Have you ever felt like you're in some kind of a grieving process or going through some growing pains for no apparent reason? It's like this for me right now. A ton of emotional energy is moving within me. I'm also beginning to feel creative rumblings. I feel a longing.
I have a strong conditioned belief that "I'm not a creative person". Ironically, I often have strong urges to create :). Sometimes these urges are quite strong and feel so uncomfortable and destabilizing that I suppress them and think they're an indication that something is wrong with me. I hold in the creative urge, not realizing that that's what it is, to the point that internal pressure builds and NEEDS an outlet!
Although I know this all too well, I easily and often forget how important it is to feel and allow emotional energy to move and flow. Luckily, I eventually remember. When I finally realize I'm suppressing emotions and take time to stop and feel, the pressure releases, the energy flows, and creative sparks flare! The other day I finally paused to feel, and whoa, what a relief! Energy flowed and creativity arose almost instantaneously.

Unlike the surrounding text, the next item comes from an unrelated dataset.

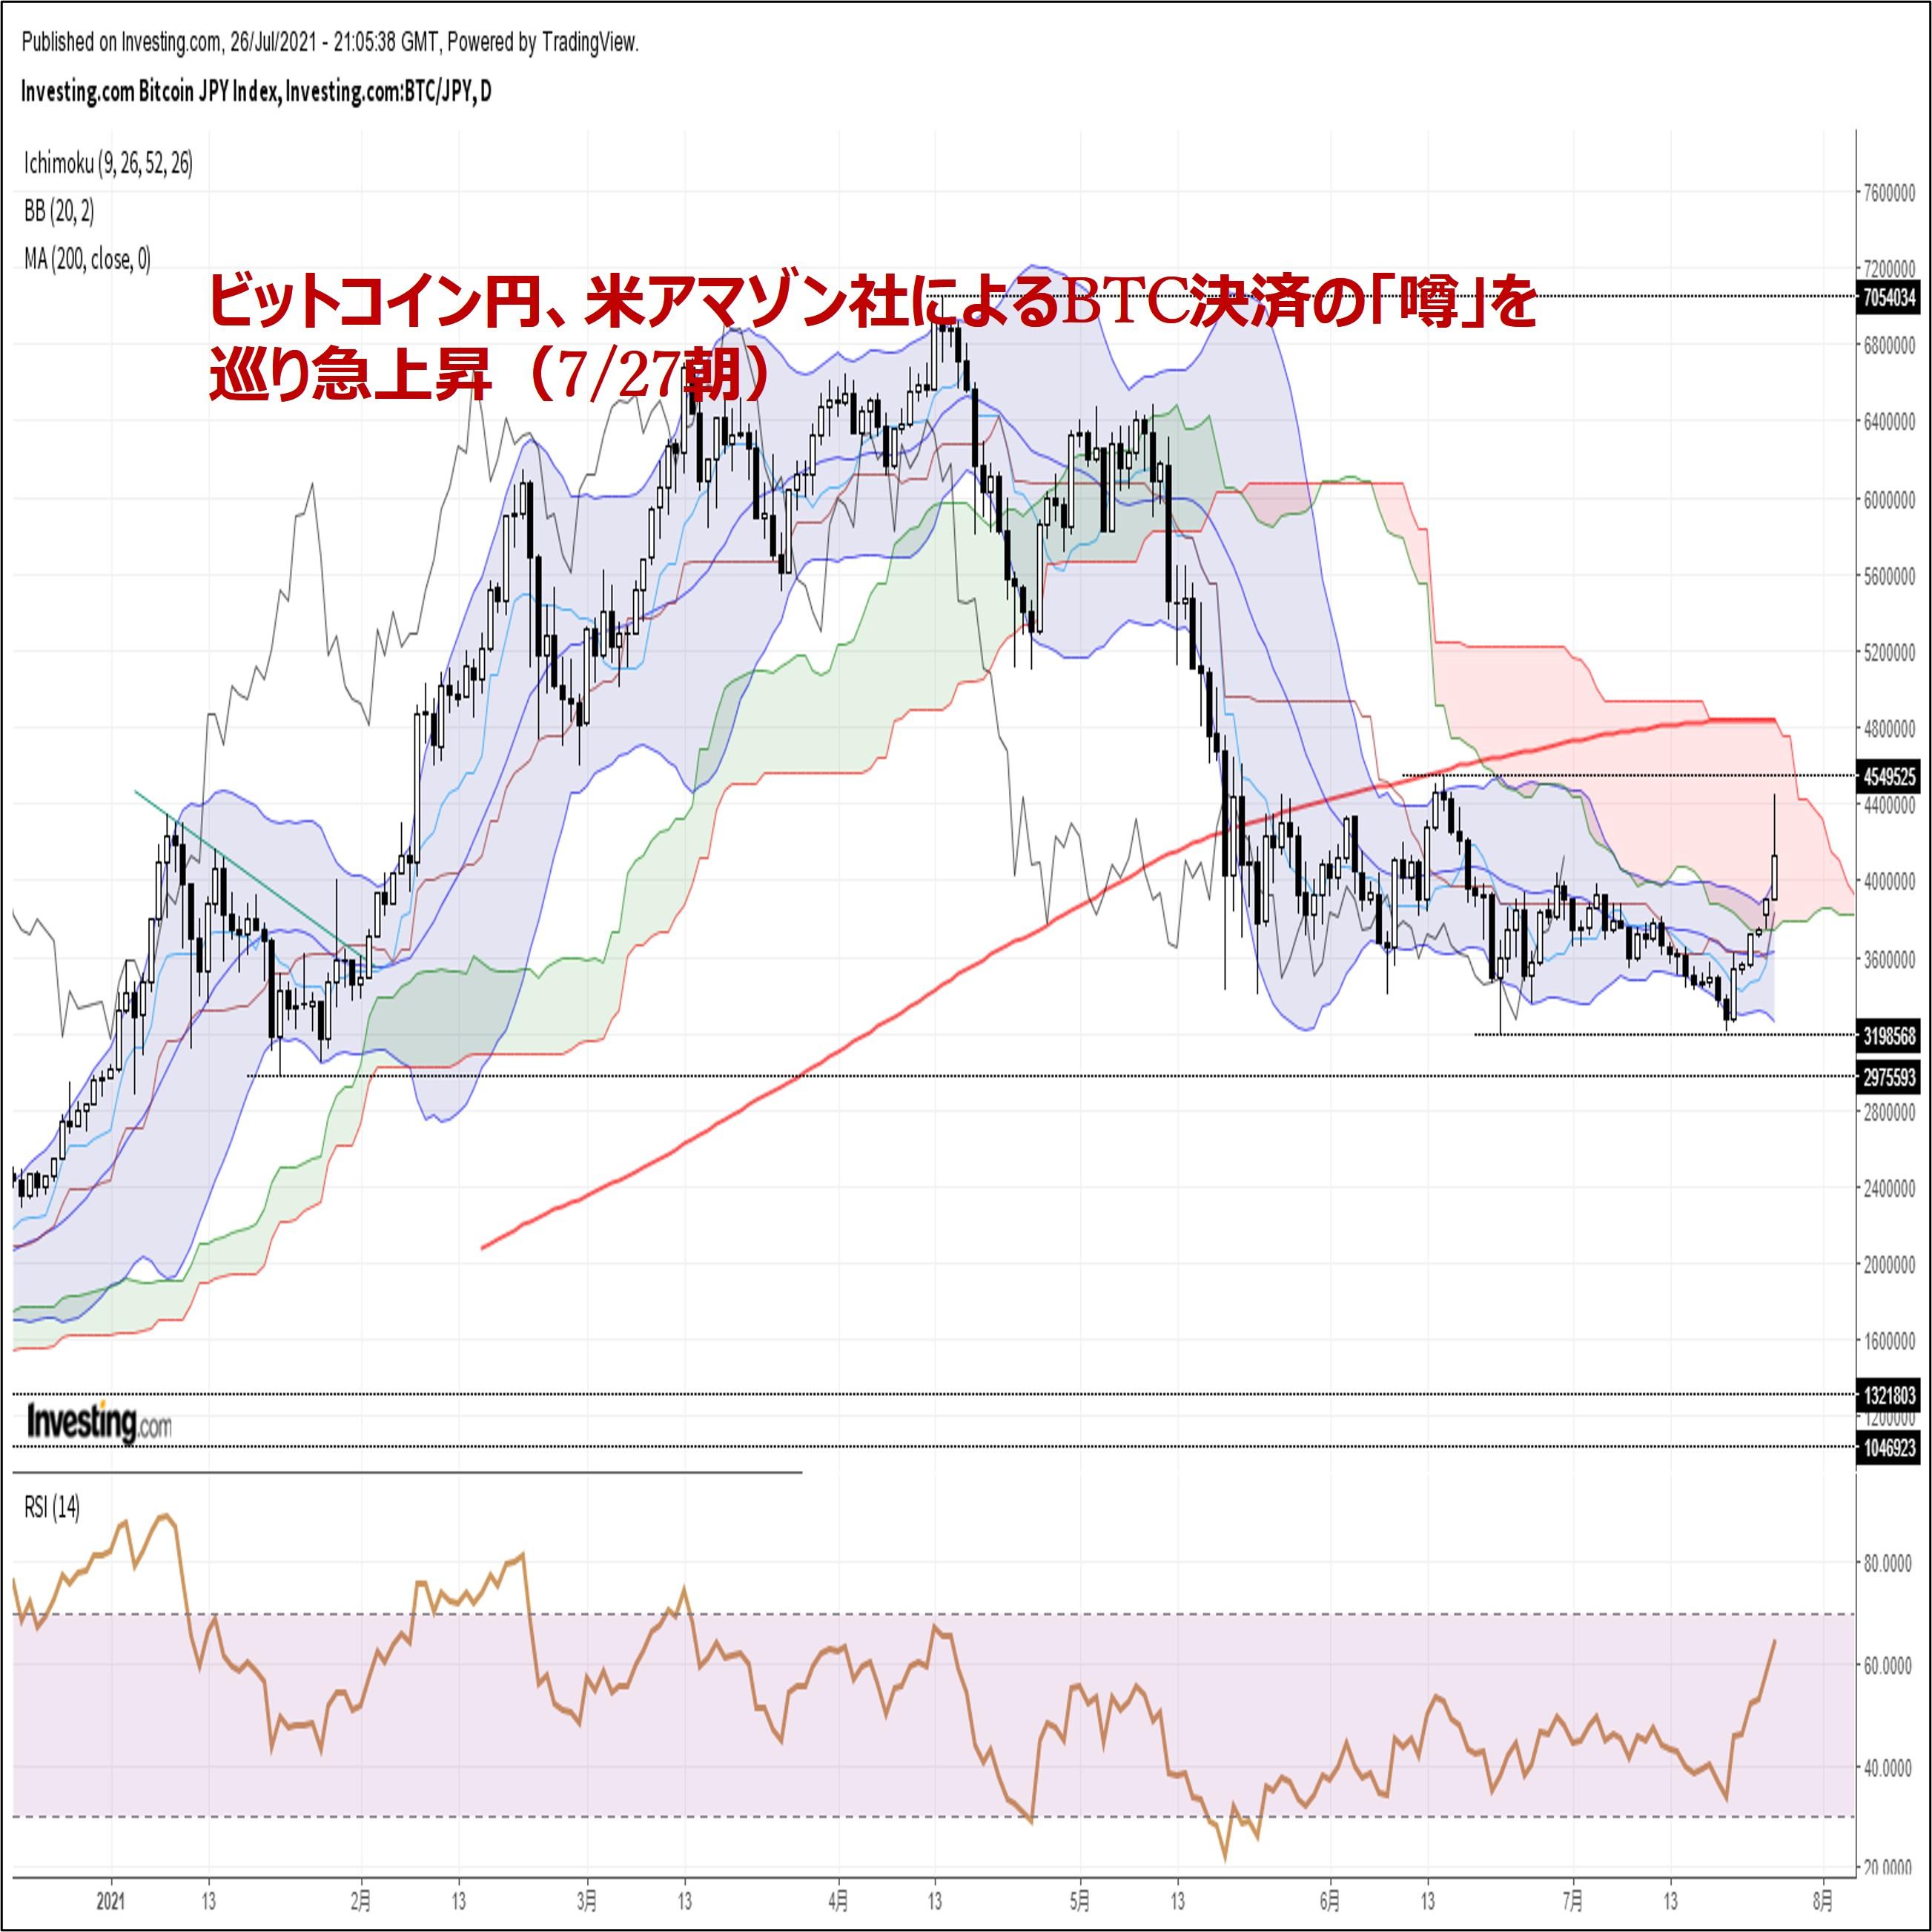 ビットコイン円、米アマゾン社のBTC決済を巡る「噂」を背景に急上昇(7/27朝)

For whatever reason, lately my creative sparks are in the form of poetry. I've been experimenting with various forms, mostly cinquain, haiku, and prose. Inspired this morning during my pre-dawn meditation practice, this was born:
Hidden life forms
Teeming, vibrating with
Song, earth and sky music for the
Sky bursting into view
Promising chances at being
Creativity is born of aligning attention, energy, space and the just-right constraints.
What are you longing to be/do/have? Feel free to share your creative rumblings here.
Feel your moving life-force energy, allow it to flow freely!